Die staatliche Rente sollte angesichts der aktuellen Lage in jedem Fall durch private Vorsorge aufgebessert werden. Sparen wie die Großeltern – mit dem Sparbuch und guten Zinsen – das ist schon lange nicht mehr möglich. Rendite ersetzt heute das Sparzins-Denken, die Anlage in Aktien, Indexfonds oder Immobilien das Sparbuch. Die Basis für den Vermögensaufbau ist selbstverständlich nach wie vor Geld anzusparen, anstatt das ganze Gehalt auszugeben. Dieses Eigenkapital wird dann in der Folge investiert, um durch eine möglichst hohe Eigenkapitalrendite zu erzielen.

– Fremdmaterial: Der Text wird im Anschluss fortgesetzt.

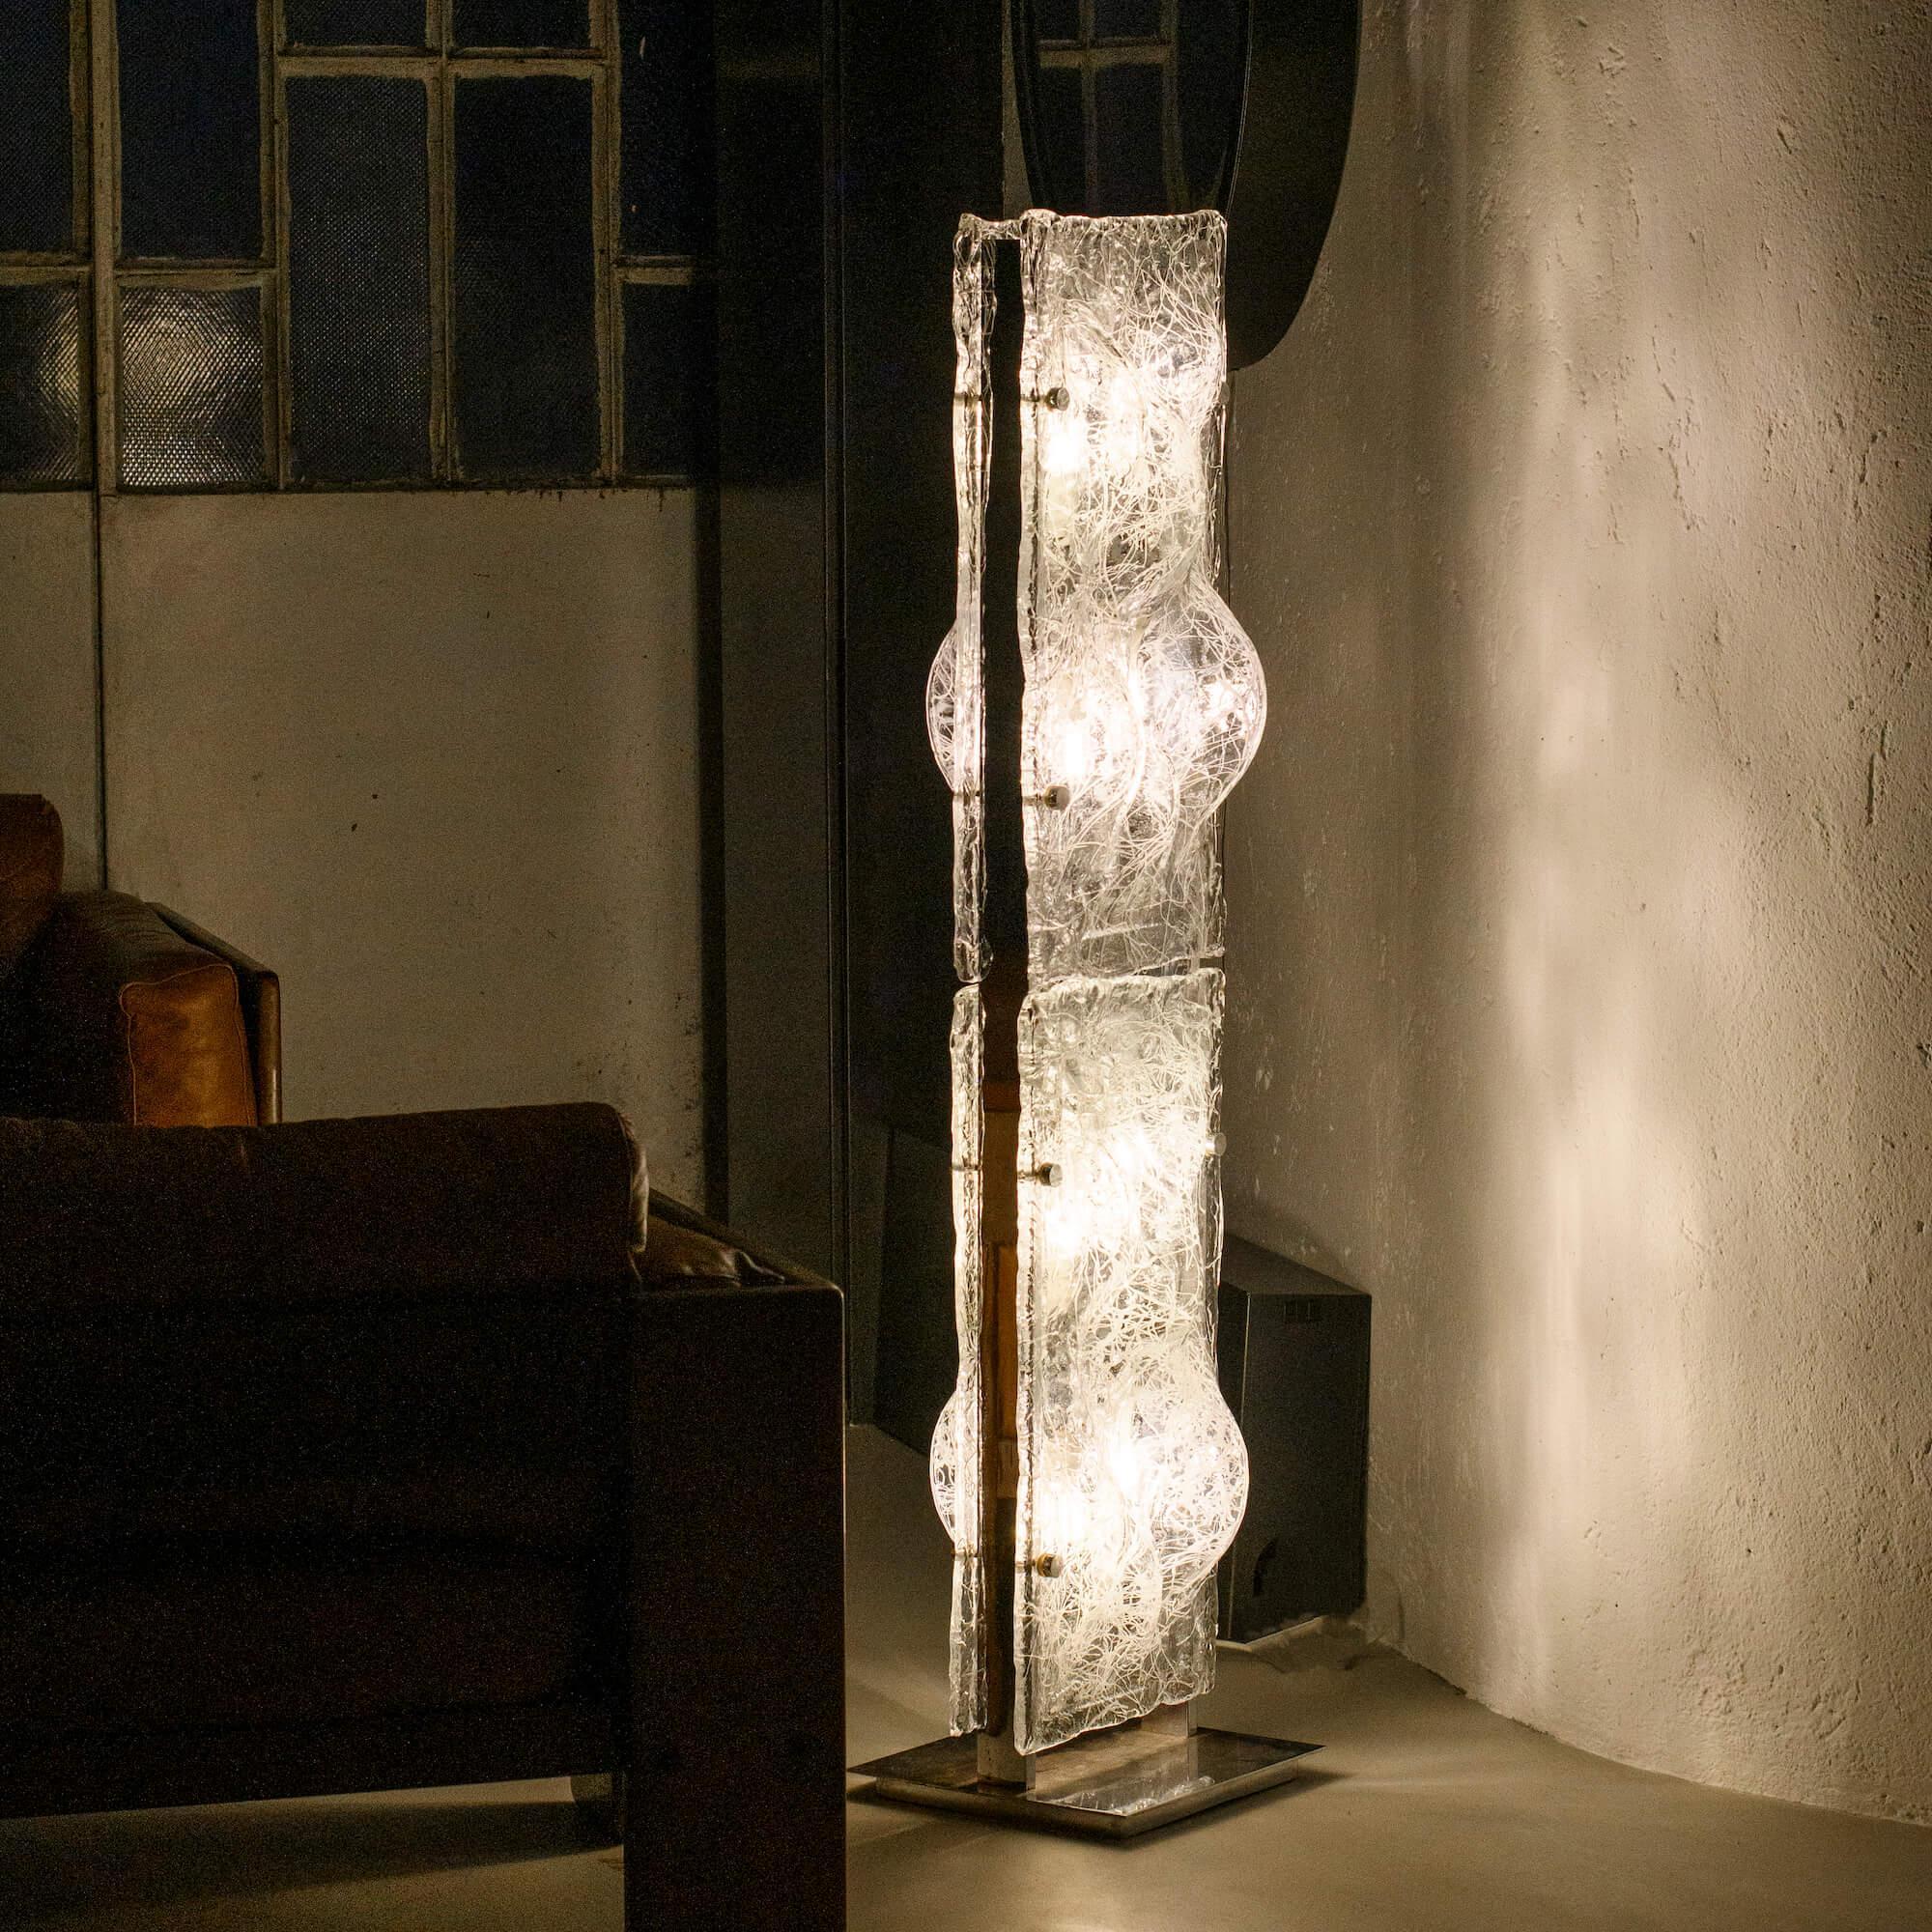 Atemberaubende skulpturale Murano-Stehlampe im Vintage-Stil, entworfen von Toni Zuccheri in den 1970er Jahren. Verchromter Metallkorpus mit vier dicken, geformten Glasscheiben, aus klarem Glas mit eingelegten weißen Verzierungen. Die Lampe ist

Als Eigenkapitalrendite versteht man den jährlichen Ertrag auf das eingesetzte Kapital. Die Höhe der Rendite hängt von der Anlageform ab. Bei Wertpapieranlagen schwankt die Rendite und ist von Jahr zu Jahr unterschiedlich. Im Durchschnitt hat in den letzten 25 Jahren der DAX eine jährliche Rendite von ca. 8 Prozent ermöglicht und der MSCI World von ca. 7 Prozent. Der Wertpapiergewinn reduziert sich allerdings durch die Abgeltungssteuer beim Verkauf. Insofern stellt sich die Frage, ob es nicht geeignetere Strategien zur Steigerung der Eigenkapitalrendite gibt.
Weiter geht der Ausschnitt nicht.